38. Q38. Which of the following is the only currently curative treatment option for follicular lymphoma?

    • Rituximab maintenance
    • R-bendamustine
    • Autologous SCT
    • Allogeneic SCT

    Answer: Allogeneic SCT

    Explanation: Chemotherapy achieves remission but is not curative in follicular lymphoma. Autologous SCT can help with relapse control but is not curative. Only allogeneic SCT offers the prospect of cure, likely via a graft-vs-lymphoma immunological effect.

39. Q39. Beta-2 microglobulin is used as a prognostic marker in which condition?

    • Hodgkin lymphoma only
    • NHL
    • CLL only
    • Burkitt lymphoma only

    Answer: NHL

    Explanation: Beta-2 microglobulin (B2M) is a prognostic serum marker used in NHL alongside LDH. Elevated levels indicate high tumour burden and poor prognosis. It is part of the standard laboratory workup for NHL alongside FBC, ESR, LDH, uric acid, renal function, ALP, calcium, albumin.

40. Q40. A patient with NHL relapses after R-CHOP. They receive R-ICE salvage therapy and respond well. What is the next most appropriate step?

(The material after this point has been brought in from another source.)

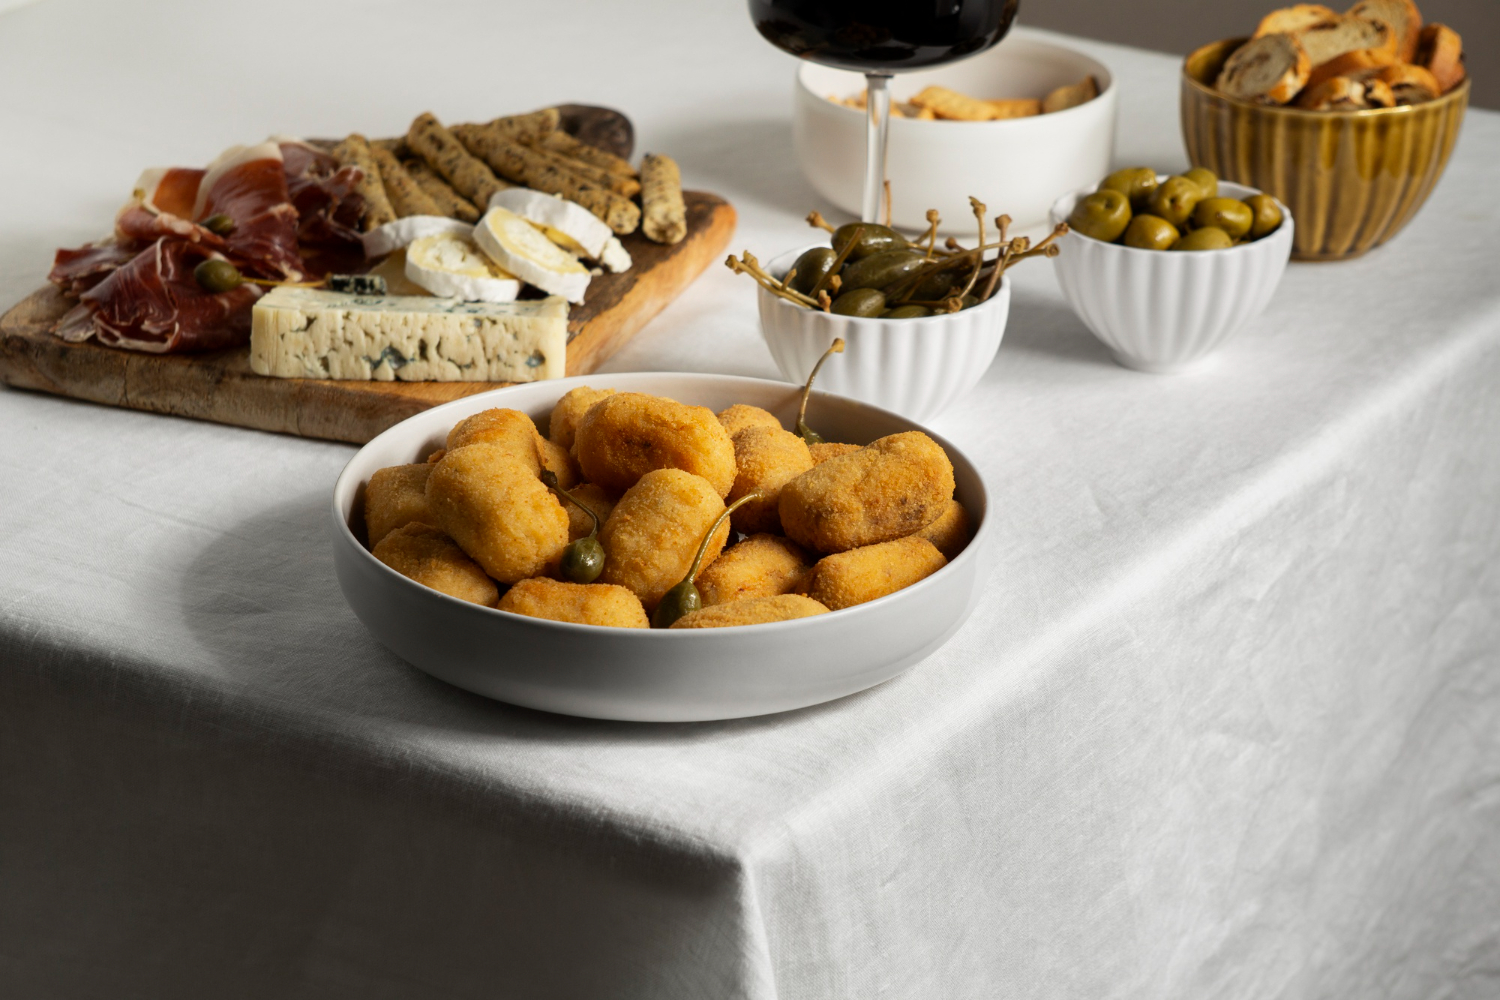 The snacks on a table | Source: Freepik

    • Continue R-ICE as maintenance
    • Switch to CODOX-M/IVAC
    • Autologous stem cell transplantation
    • Allogeneic SCT immediately

    Answer: Autologous stem cell transplantation

    Explanation: In relapsed DLBCL that responds to salvage chemotherapy (R-ICE), autologous SCT consolidates the response and offers the best chance of long-term remission. Allogeneic SCT with reduced-intensity conditioning is considered for chemoresistant disease or subsequent relapses.